---
title: Haystack
description: Use SIE embeddings, reranking, and extraction in Haystack RAG pipelines.
canonical_url: https://superlinked.com/docs/integrations/haystack
last_updated: 2026-05-20
---

The `sie-haystack` package provides native Haystack components for embeddings, reranking, and extraction. Use `SIETextEmbedder` and `SIEDocumentEmbedder` for dense embeddings, the sparse variants for hybrid search, `SIERanker` for cross-encoder reranking, and `SIEExtractor` for zero-shot extraction (entities, relations, classifications, and object detection).

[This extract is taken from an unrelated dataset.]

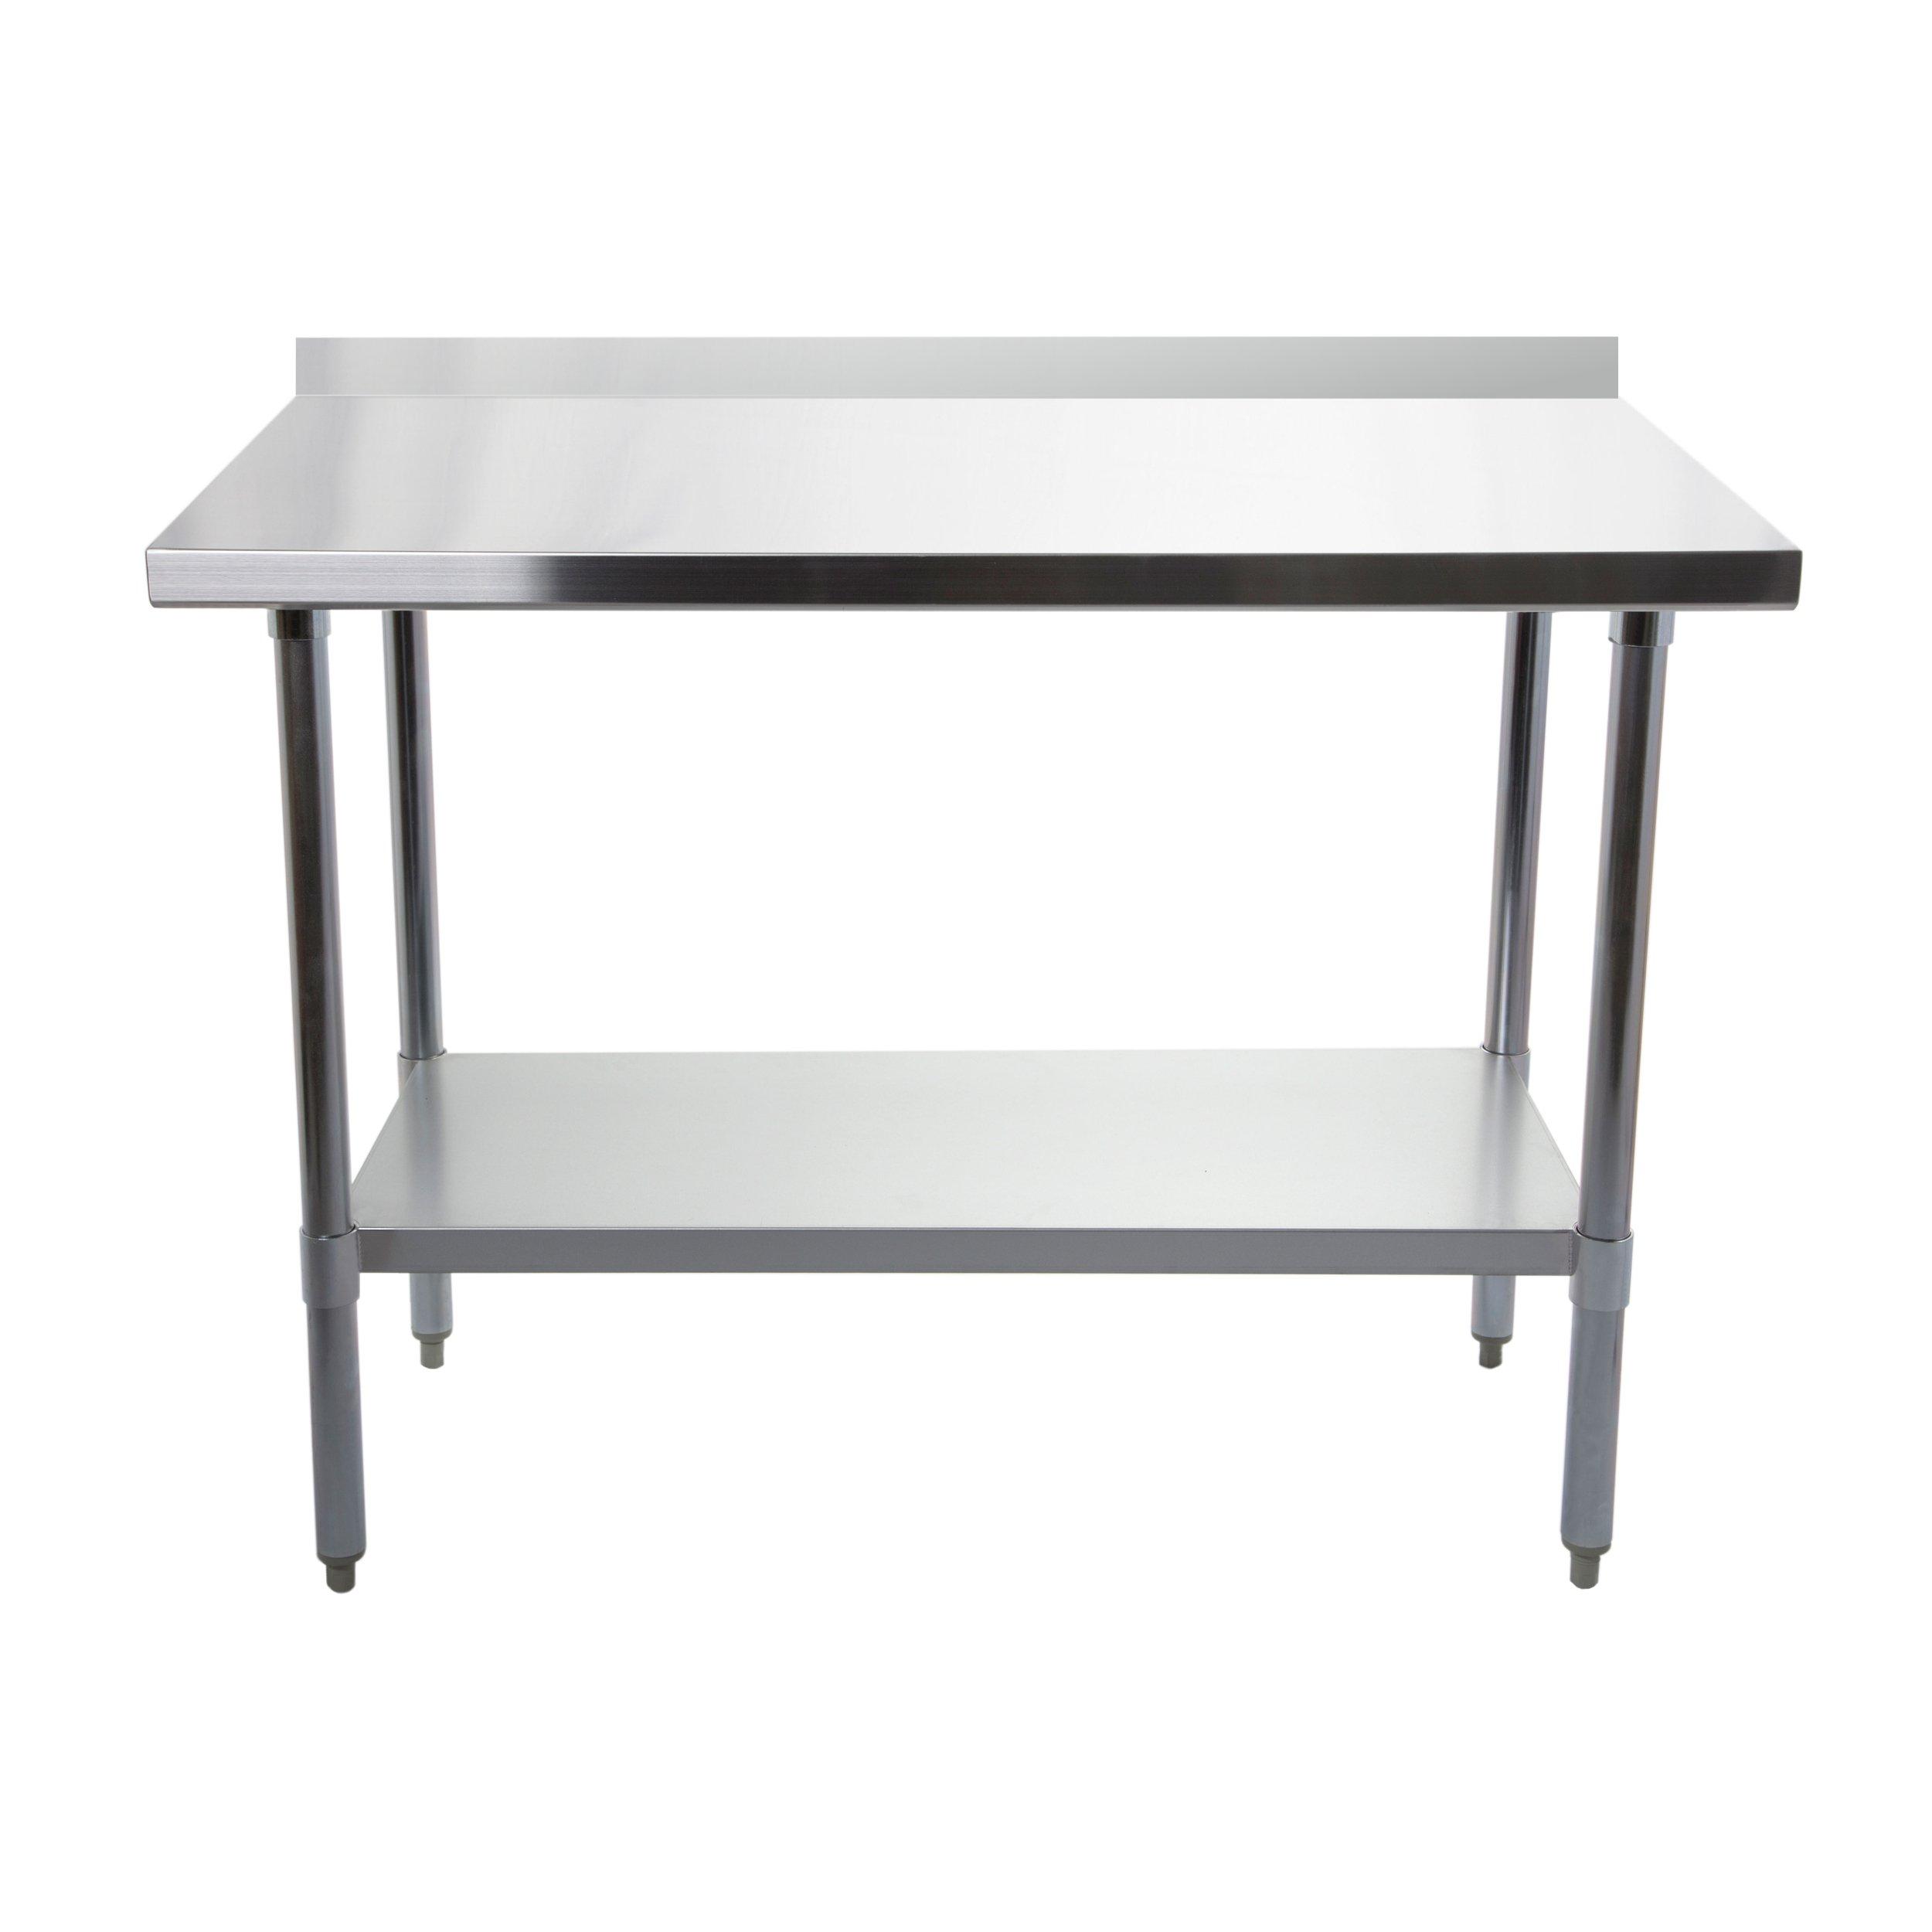 Pracovný stôl. Nerezová oceľ s regálom. 90 x 60 cm

Imports follow Haystack's `haystack_integrations.components.*` convention. The legacy `sie_haystack` imports remain available for compatibility.

## Installation

```bash
pip install sie-haystack
```

This installs `sie-sdk` and `haystack-ai` as dependencies.

## Start the Server

Source: [packages/sie_server/src/sie_server/cli.py](https://github.com/superlinked/sie/blob/main/packages/sie_server/src/sie_server/cli.py)

```bash
# Docker (recommended)
docker run -p 8080:8080 ghcr.io/superlinked/sie-server:latest-cpu-default

# Or with GPU
docker run --gpus all -p 8080:8080 ghcr.io/superlinked/sie-server:latest-cuda12-default
```

## Embedders

Source: [integrations/sie_haystack/src/sie_haystack/embedders.py](https://github.com/superlinked/sie/blob/main/integrations/sie_haystack/src/sie_haystack/embedders.py)

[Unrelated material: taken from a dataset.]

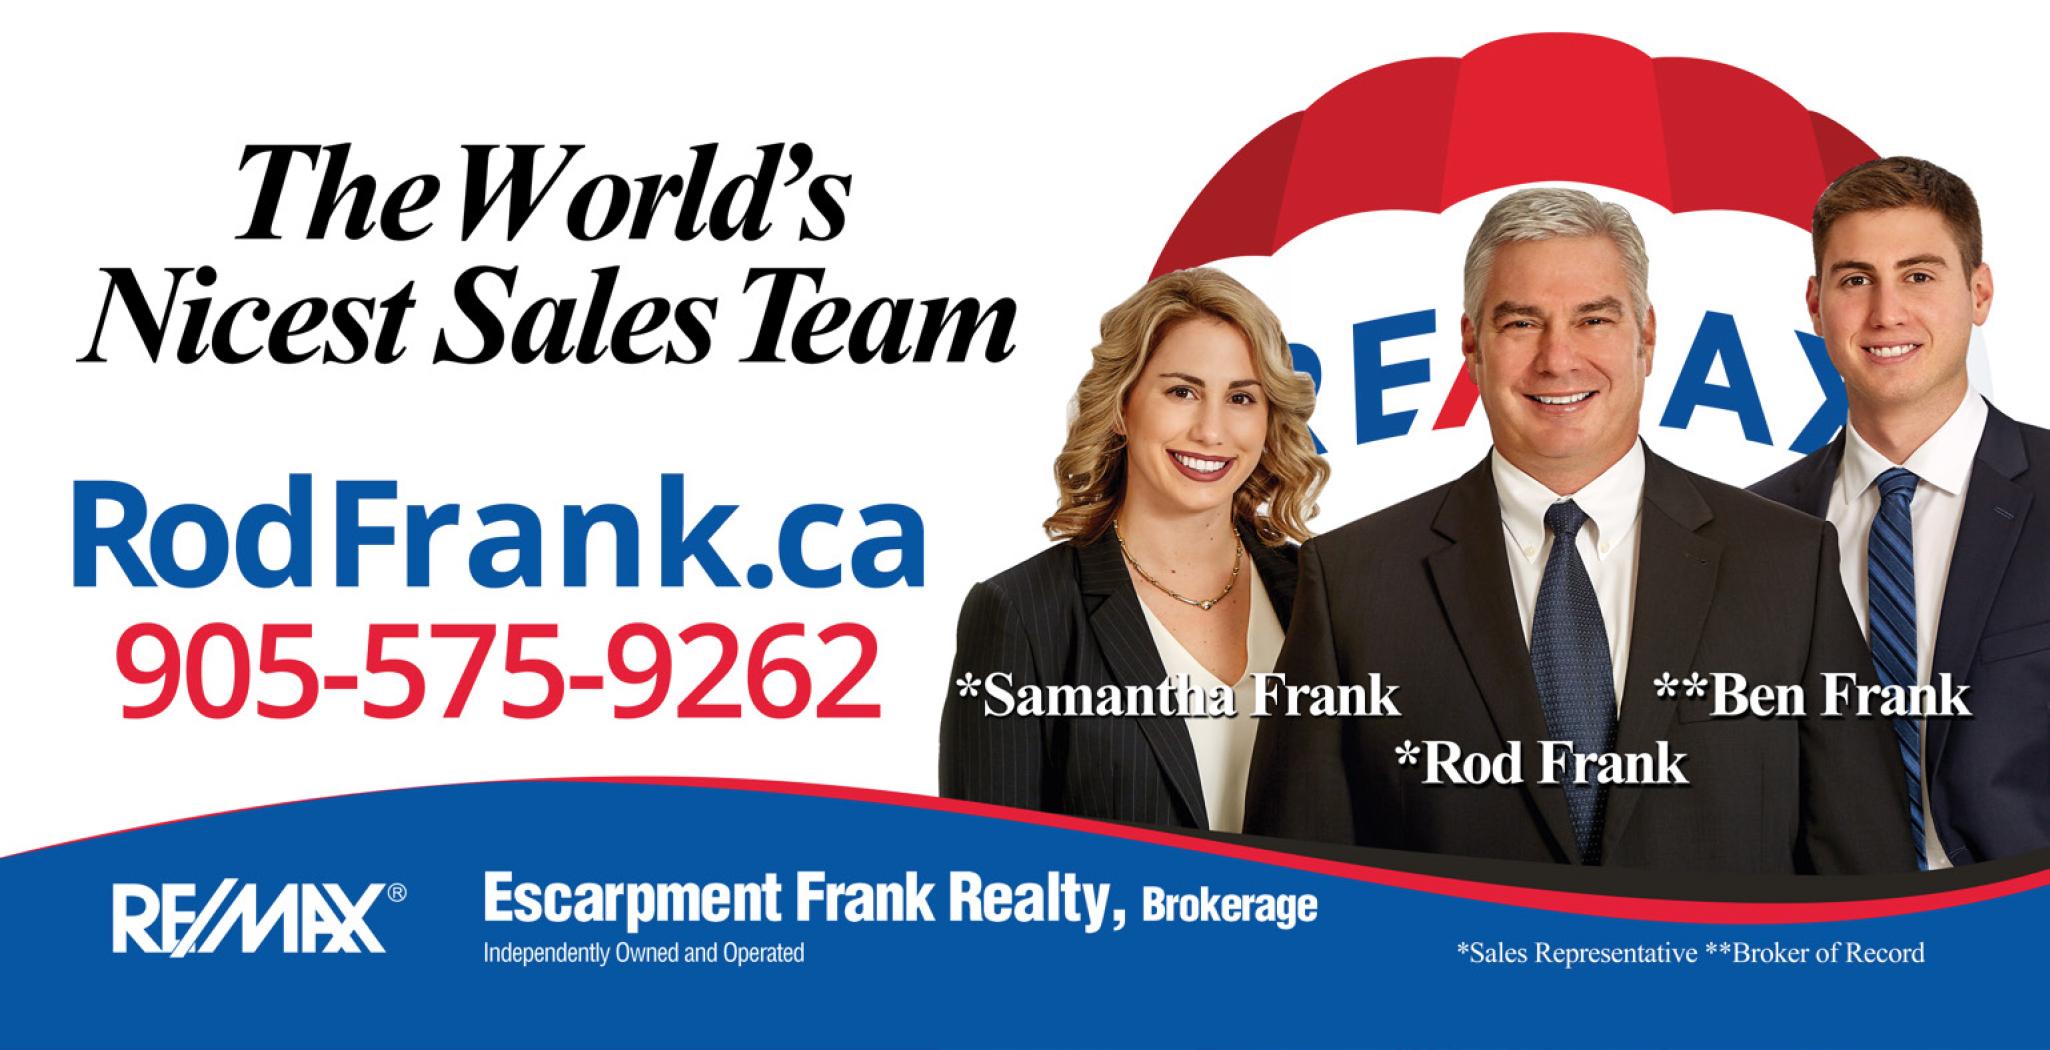 RodFrank.ca

SIE provides five embedder components following Haystack conventions:

| Component | Use Case |
|-----------|----------|
| `SIETextEmbedder` | Embed queries (dense) |
| `SIEDocumentEmbedder` | Embed documents (dense) |
| `SIESparseTextEmbedder` | Embed queries (sparse) |
| `SIESparseDocumentEmbedder` | Embed documents (sparse) |
| `SIEImageEmbedder` | Embed images (CLIP, SigLIP, ColPali) |

### Text Embedder

Use `SIETextEmbedder` for embedding queries in retrieval pipelines:

```python
from haystack_integrations.components.embedders.sie import SIETextEmbedder

embedder = SIETextEmbedder(
    base_url="http://localhost:8080",
    model="BAAI/bge-m3"
)

result = embedder.run(text="What is vector search?")
embedding = result["embedding"]  # list[float]
print(len(embedding))  # 1024
```

### Document Embedder

Use `SIEDocumentEmbedder` for embedding documents before indexing:

```python
from haystack import Document
from haystack_integrations.components.embedders.sie import SIEDocumentEmbedder

embedder = SIEDocumentEmbedder(
    base_url="http://localhost:8080",
    model="BAAI/bge-m3"
)

docs = [
    Document(content="Machine learning uses algorithms to learn from data."),
    Document(content="Neural networks are inspired by biological neurons."),
]

result = embedder.run(documents=docs)
embedded_docs = result["documents"]

for doc in embedded_docs:
    print(f"{len(doc.embedding)} dimensions")
```

### Metadata Fields

Include metadata fields in the embedding by specifying `meta_fields_to_embed`:

```python
embedder = SIEDocumentEmbedder(
    model="BAAI/bge-m3",
    meta_fields_to_embed=["title", "author"]
)

doc = Document(
    content="Deep learning uses multiple layers.",
    meta={"title": "Neural Networks", "author": "Jane Doe"}
)

# Embeds: "Neural Networks Jane Doe Deep learning uses multiple layers."
result = embedder.run(documents=[doc])
```

## Sparse Embeddings

Source: [integrations/sie_haystack/src/sie_haystack/embedders.py](https://github.com/superlinked/sie/blob/main/integrations/sie_haystack/src/sie_haystack/embedders.py)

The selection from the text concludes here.